Work item
An exact copy of all the data, minus the images, is required.

Collected material
=== Begin Enclosure ===

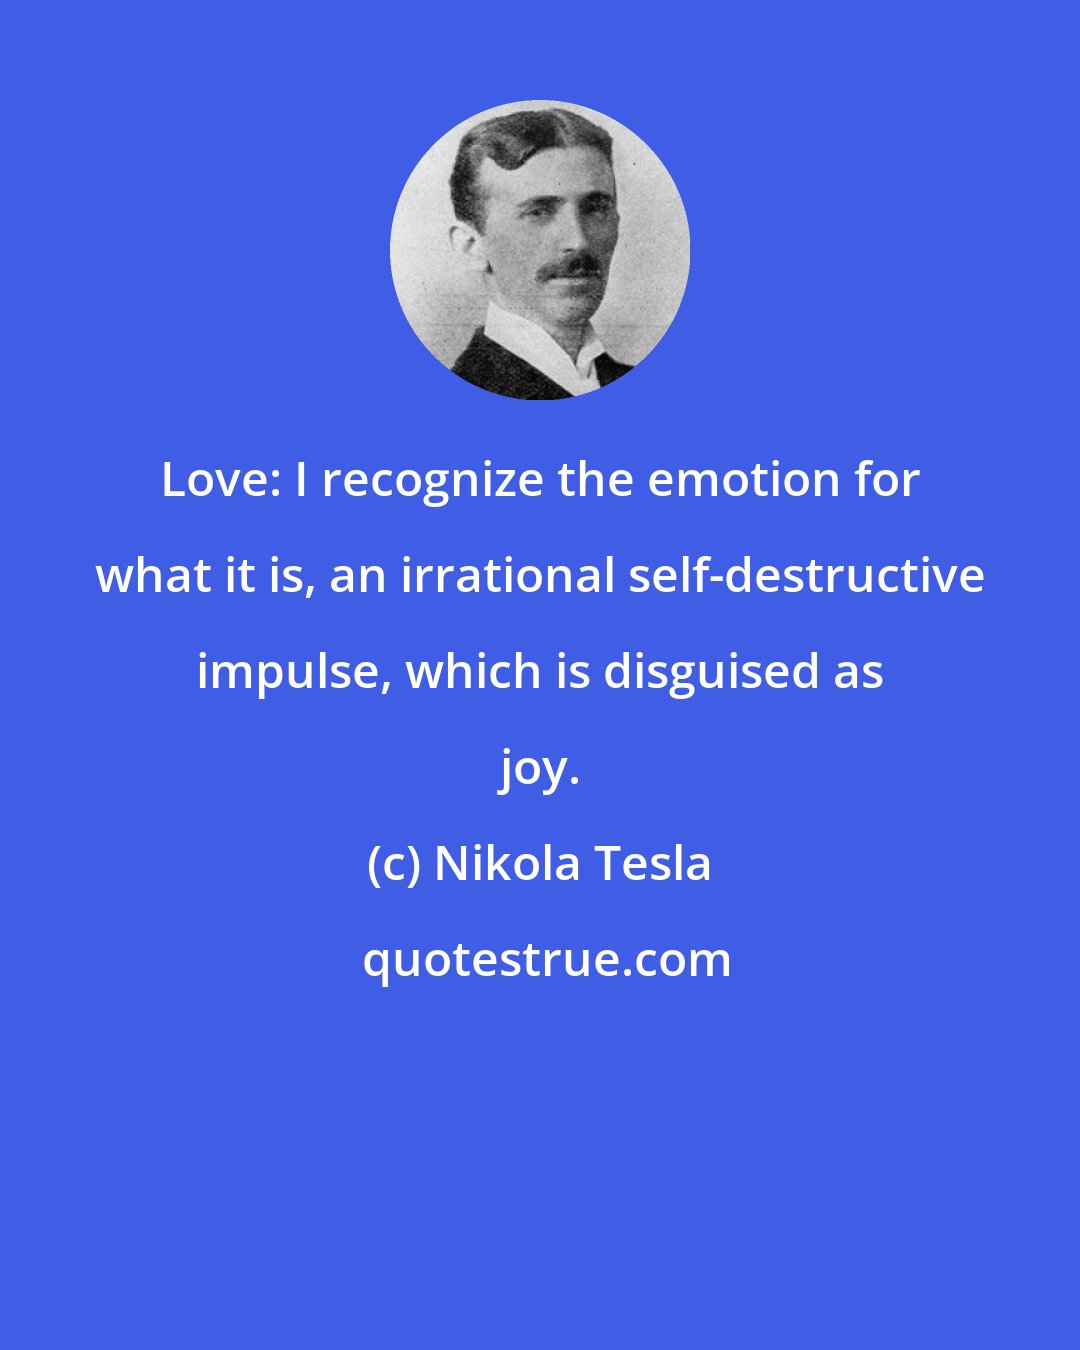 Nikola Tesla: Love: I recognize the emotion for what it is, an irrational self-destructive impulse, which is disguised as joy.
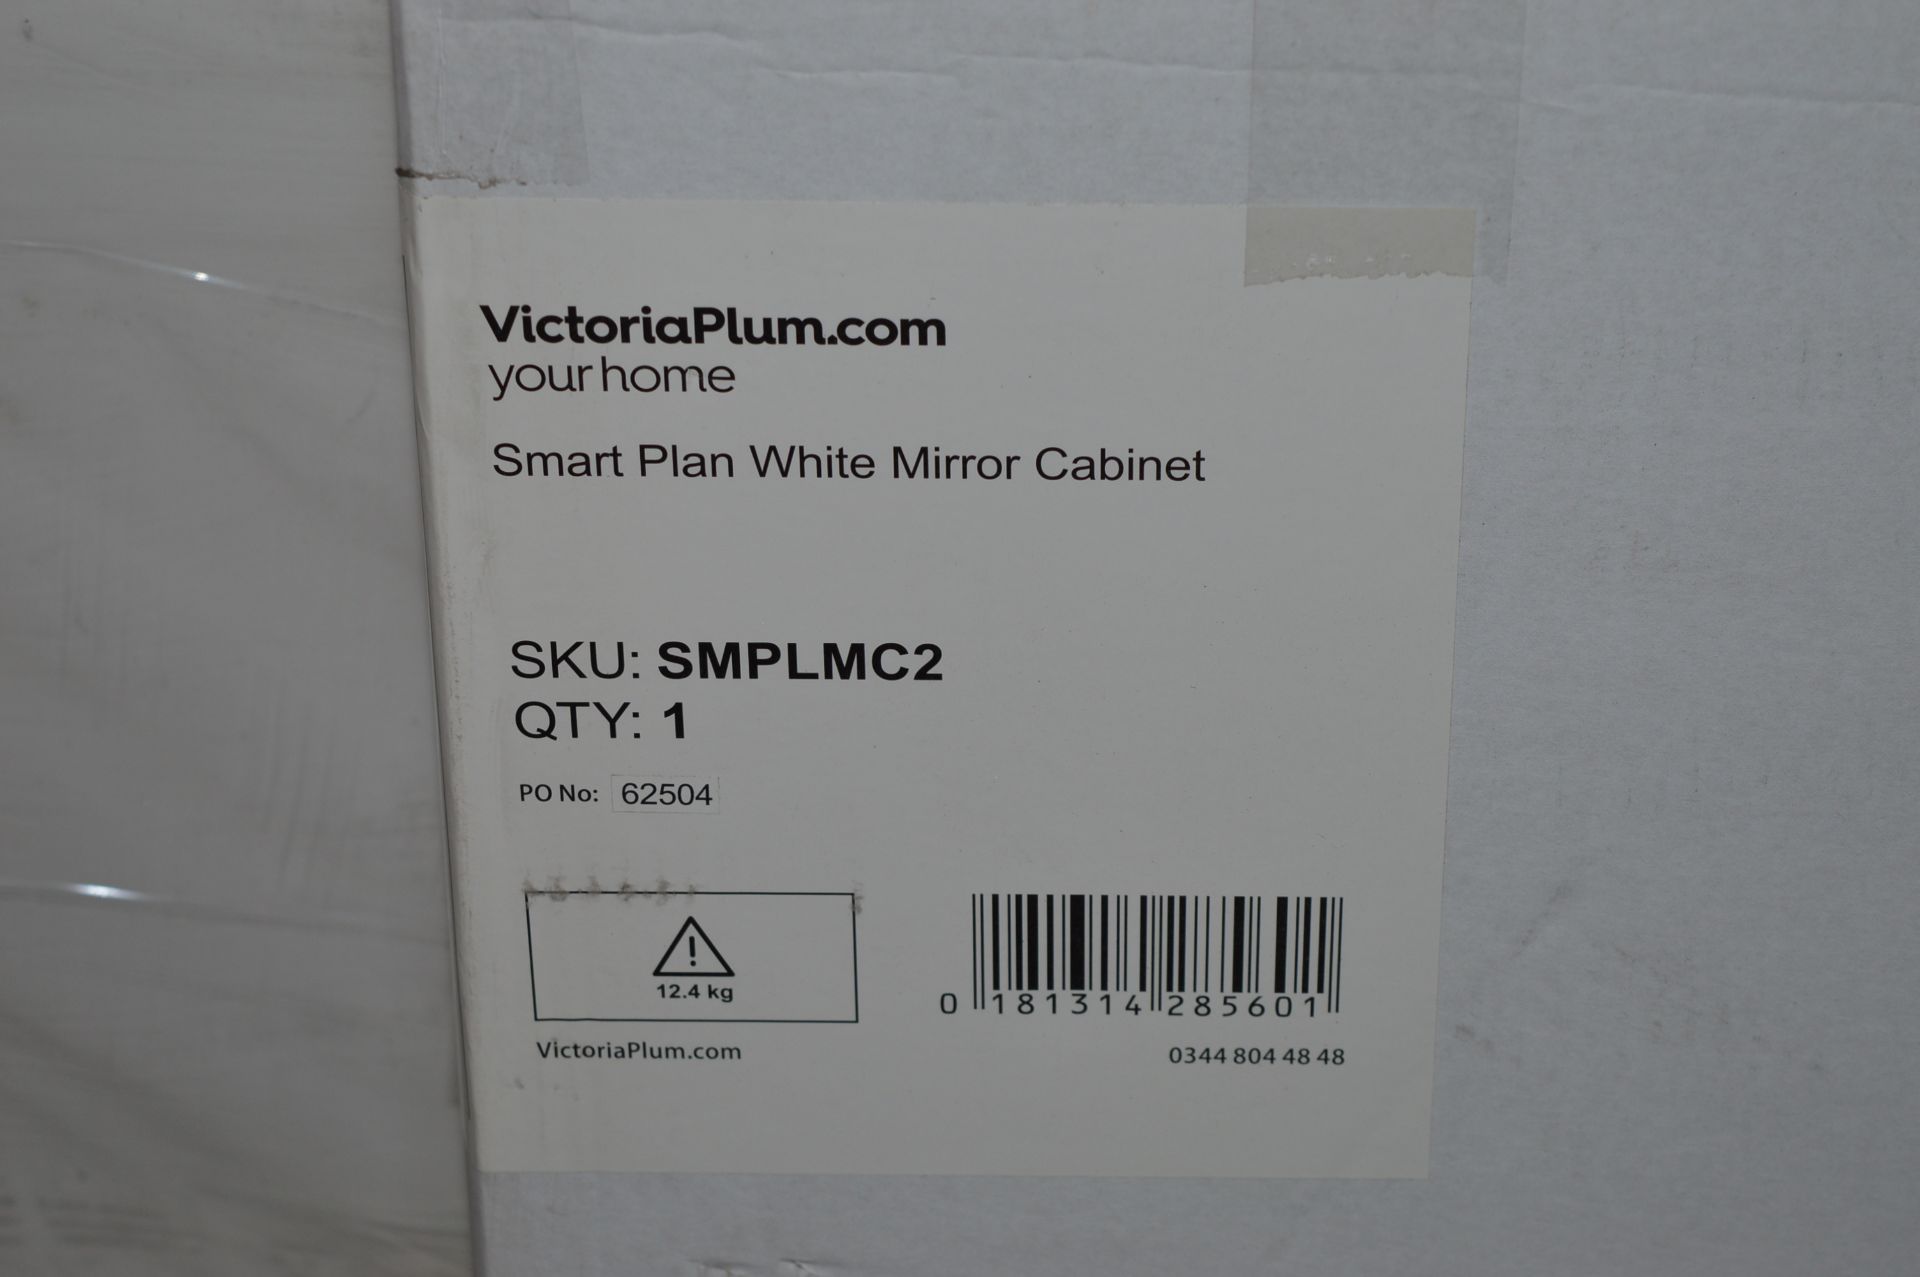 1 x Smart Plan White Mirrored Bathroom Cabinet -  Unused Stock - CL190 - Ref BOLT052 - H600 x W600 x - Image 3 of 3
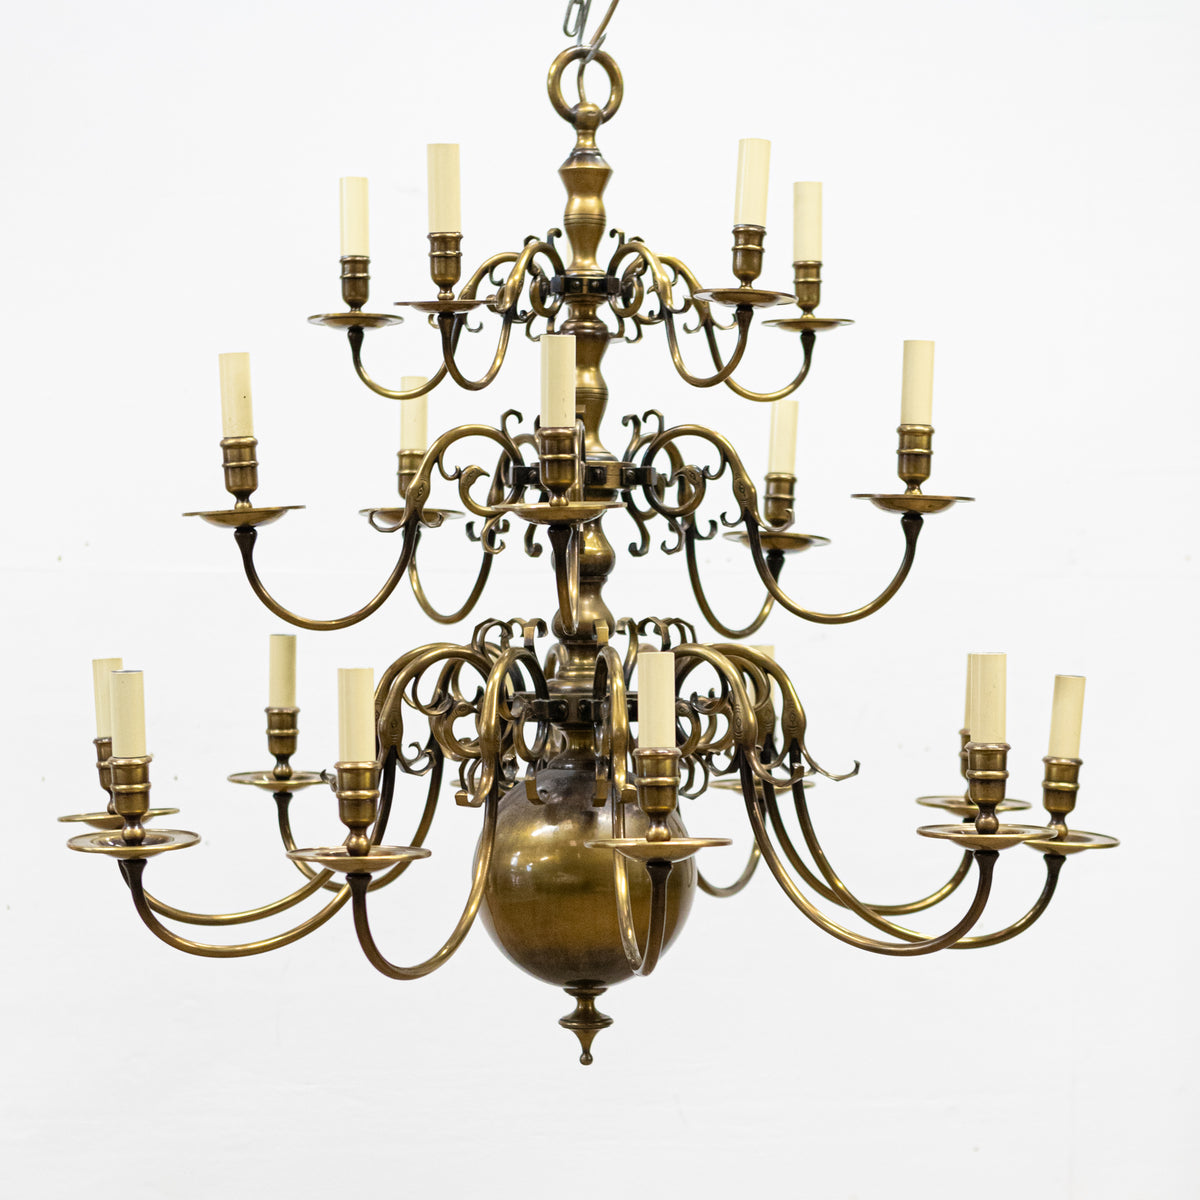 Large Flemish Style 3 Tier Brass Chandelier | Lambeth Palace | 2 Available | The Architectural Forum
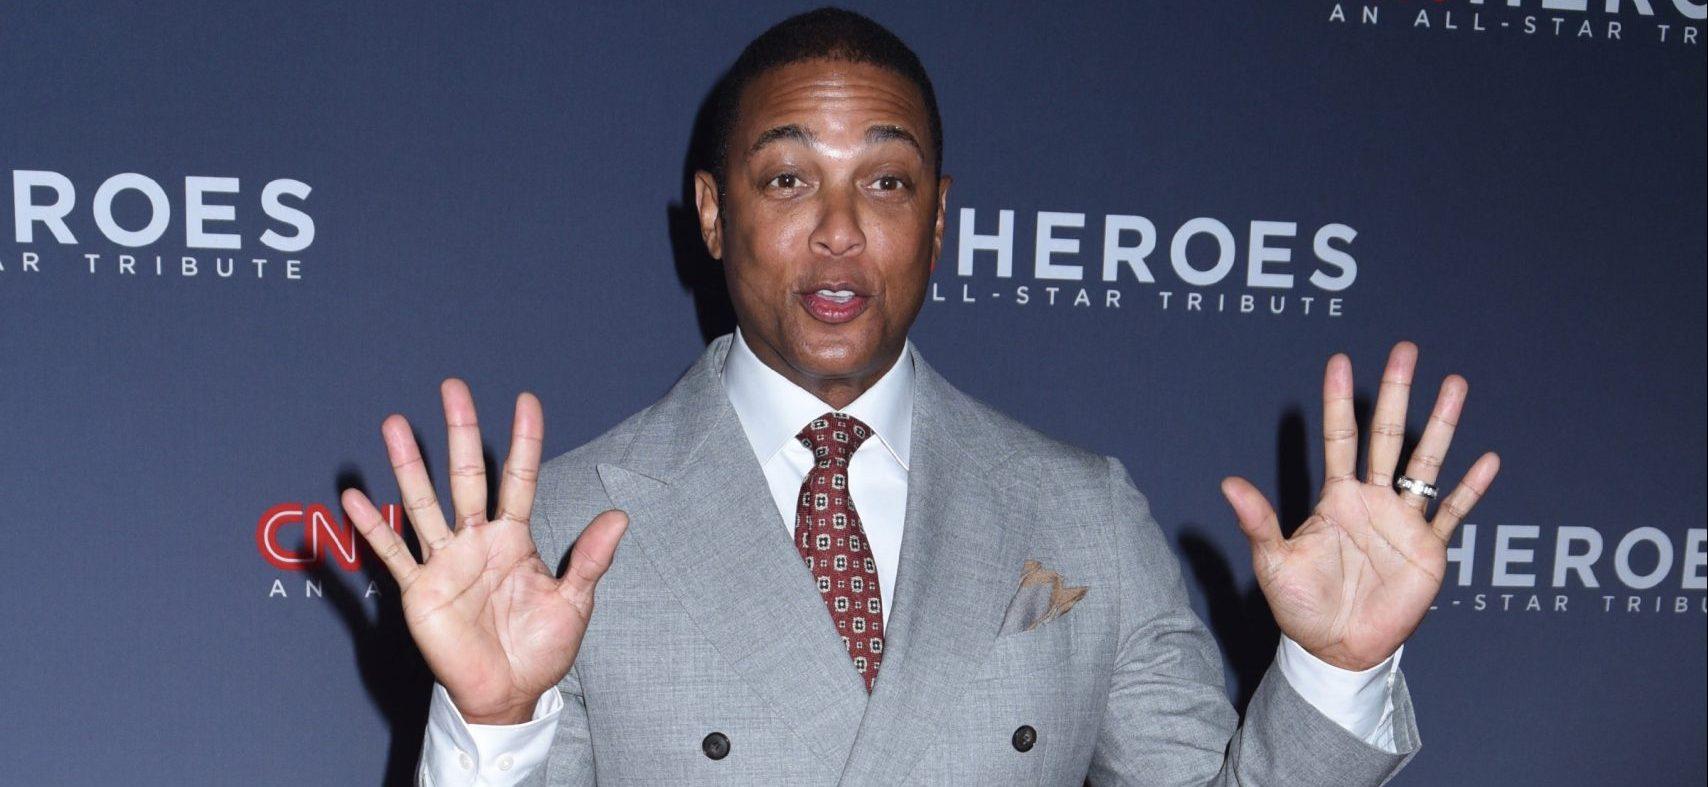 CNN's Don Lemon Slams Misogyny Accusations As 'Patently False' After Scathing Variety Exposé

=== End Enclosure ===

Response to this task
 Nikola Tesla: Love: I recognize the emotion for what it is, an irrational self-destructive impulse, which is disguised as joy.
 1 x Smart Plan White Mirrored Bathroom Cabinet -  Unused Stock - CL190 - Ref BOLT052 - H600 x W600 x - Image 3 of 3
 Large Flemish Style 3 Tier Brass Chandelier | Lambeth Palace | 2 Available | The Architectural Forum
 CNN's Don Lemon Slams Misogyny Accusations As 'Patently False' After Scathing Variety Exposé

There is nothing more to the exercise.